Is AI a Good Neighbor?
Share of US adults who say data centers are mostly good or bad for the following:
Source: Pew Research Center survey of US adults who say they’ve heard a lot or a little about data centers, conducted Jan. 20-26, 2026
Note: Respondents who answered “Not sure” or who didn’t answer are not shown.
Driving around the city while wearing a pair of Meta’s AI glasses he purchased himself, he points out abandoned warehouses left behind by Coca-Cola Co. and retells the story of Delta Air Lines Inc.’s departure. Those companies haunt the city like ghosts, and there’s no guarantee Meta will stick around, either. The company is borrowing billions, betting that AI will one day deliver enormous returns. Its investors have begun to show signs of uneasiness, sending shares down more than 10% after Meta detailed plans in its most recent earnings report to spend as much as $145 billion on capital projects this year alone.
If Meta does decide to leave, another hyperscaler could take its place. That’s the hope, anyway. Other large tech companies have begun exploring options in the state. Questions about a broader AI bubble aren’t at the top of Ellis’ list of concerns, though. All the area can do, he says with a sigh, is make the most of the industry that presents an opportunity today. “This deal is done, and my job as an elected official is to get the most we can out of this,” he says. “We have to seize the moment while it’s here.”

Morris, the plane-flying soybean farmer, says it’s hard to imagine what Richland Parish will be like in just 5 or 10 years, let alone 20. “We don’t fully grasp what’s coming,” he says. But, given the opportunity again, he’s prepared to sell some of the family’s land.
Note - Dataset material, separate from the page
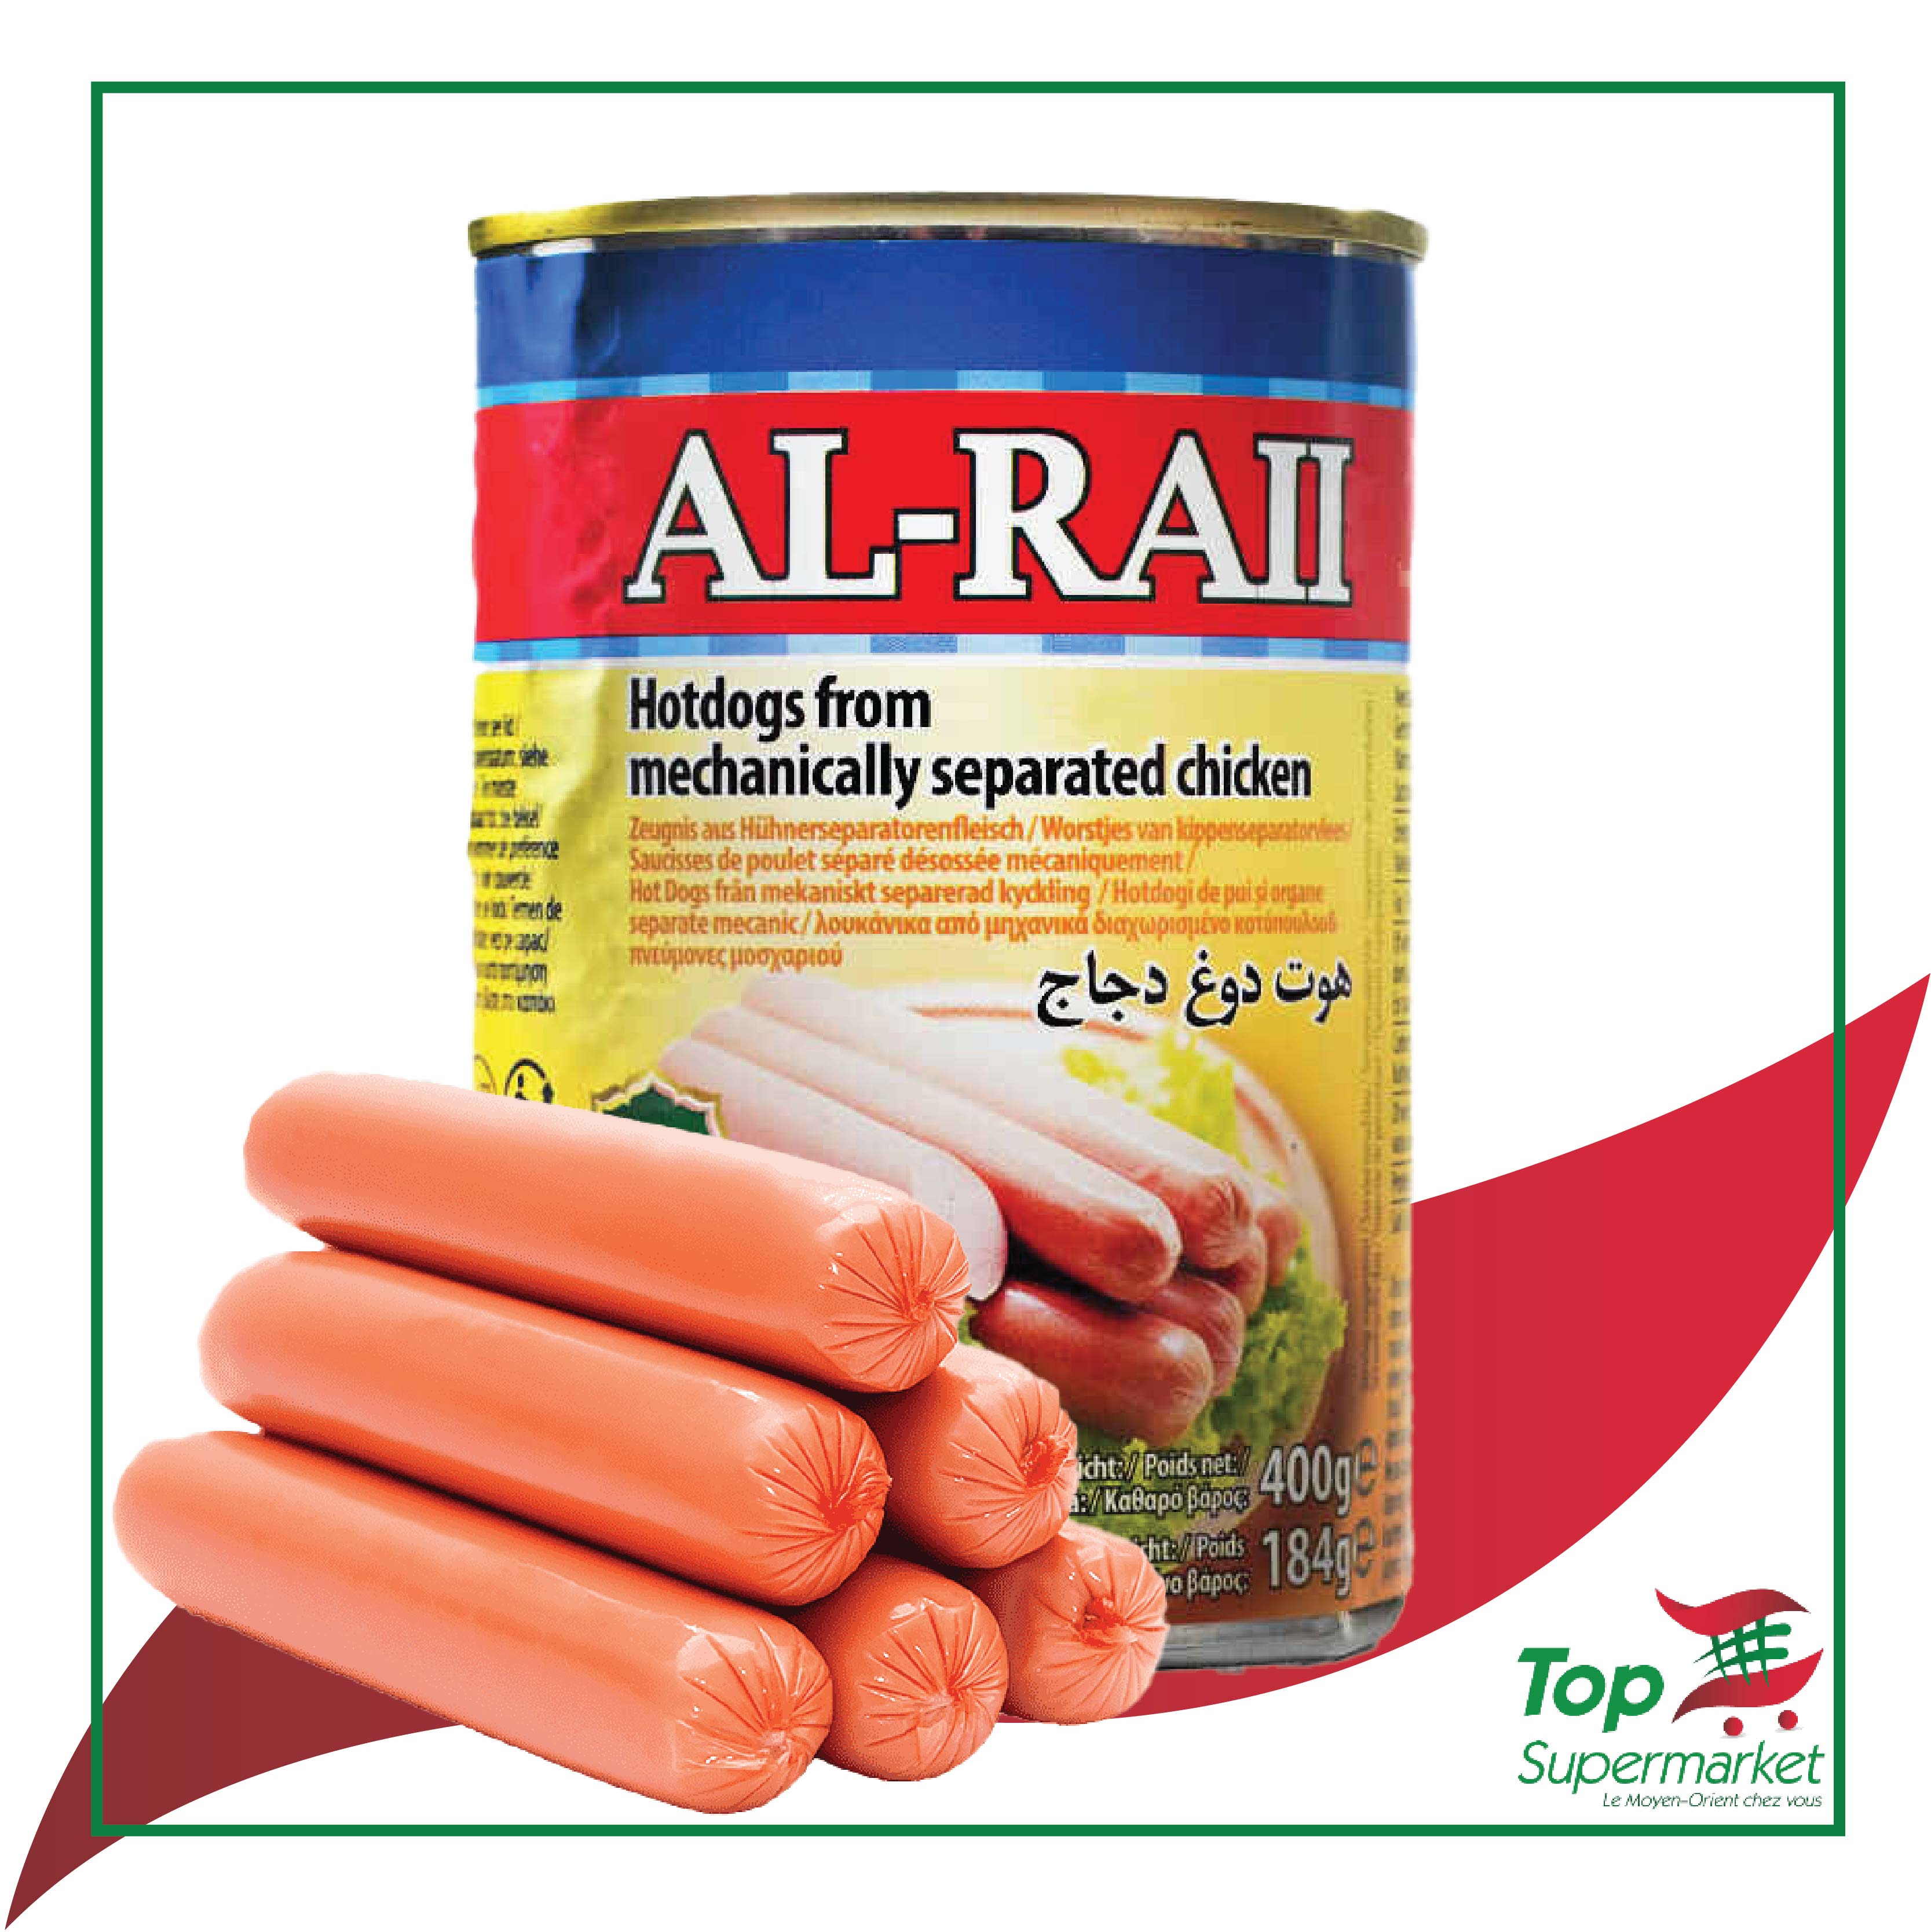 Al-Raii Hotdogs Poulet 400gr HALAL

He wonders if his grandmother’s view has changed.
On a recent Wednesday, much of the extended Morris family gathers at Ann’s house. All of her 15 grandchildren and 26 great-grandchildren have a standing invitation. While most still live within a few miles of one another, Morris is the only grandkid still farming. He hops into his truck to meet them, driving the short distance to Ann’s house, passing his sister’s and his uncle’s; the family is closely clustered on what they call an island surrounded by swamps. The sun is dropping behind the cypress. The first stars are emerging. A dog greets him at his grandmother’s door.
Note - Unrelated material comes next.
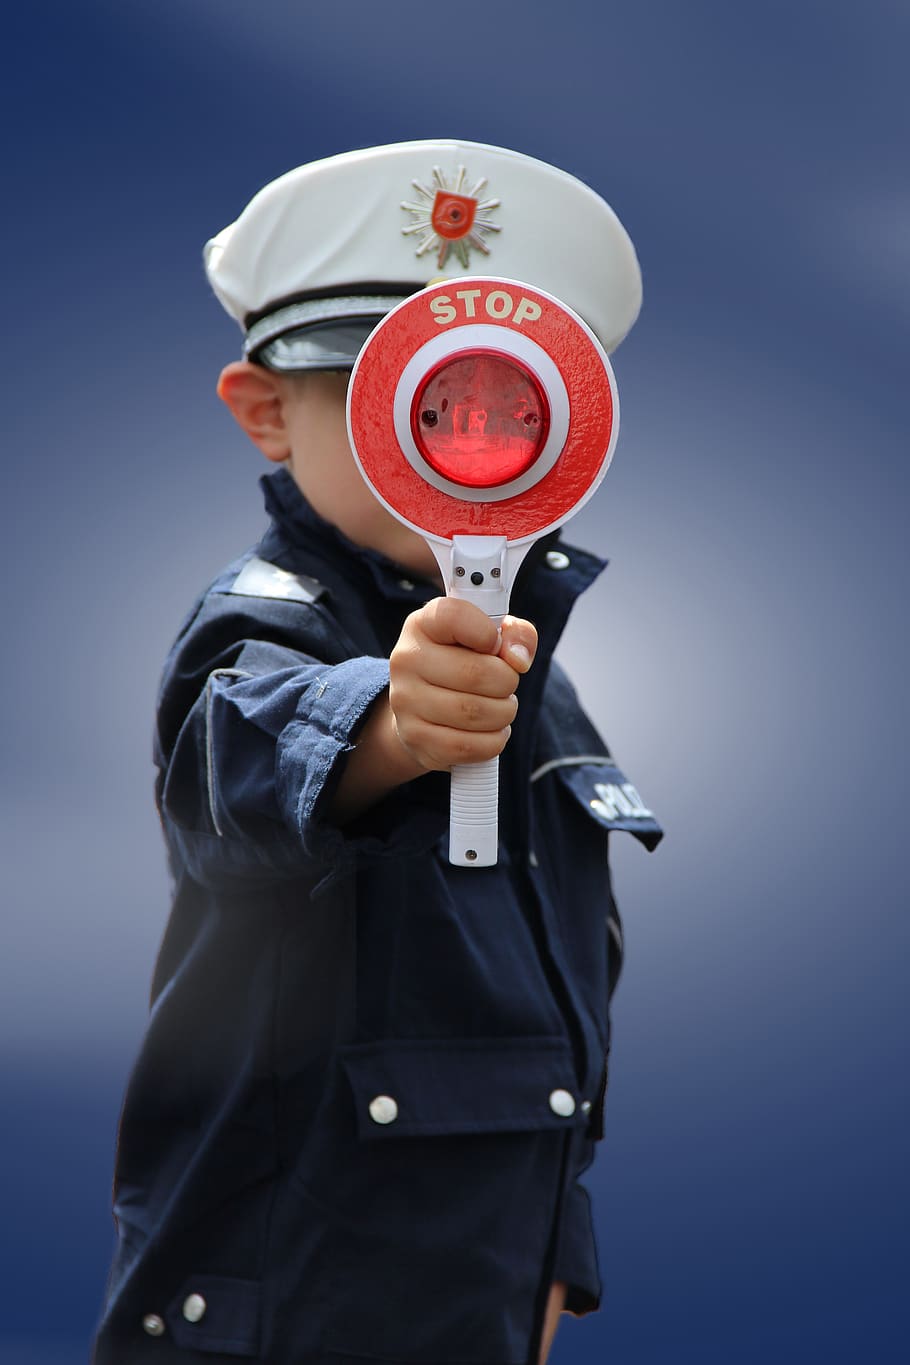 police, trowel, stop, boy, panel, child, funny, cap, warning, shield

Inside, Ann, who’s 83 and has a short crop of silver hair, sits at the head of a table. She talks about the parish’s sharecropping days, when a dozen families lived and worked one farm and picked the cotton by hand. She remembers her father buying and selling mules to carry that cotton until technology made the business obsolete and he had to adapt.
Ann would like to think Meta will provide a chance for the parish to adapt and get past its current problems. But she isn’t particularly sold on the idea of AI or impressed with the 500 jobs the company says it will create. She feels the loss of her way of life. “It’s hard to explain the rural lifestyle to people,” she says. “How do you explain something that everyone takes for granted?”
Still, the next time a potential buyer calls, she says, she’ll hear them out. “There’s no way that everybody wins,” her grandson tells her. Maybe it’s time, they agree, to try to be among the ones who benefit from change, instead of getting run over by it.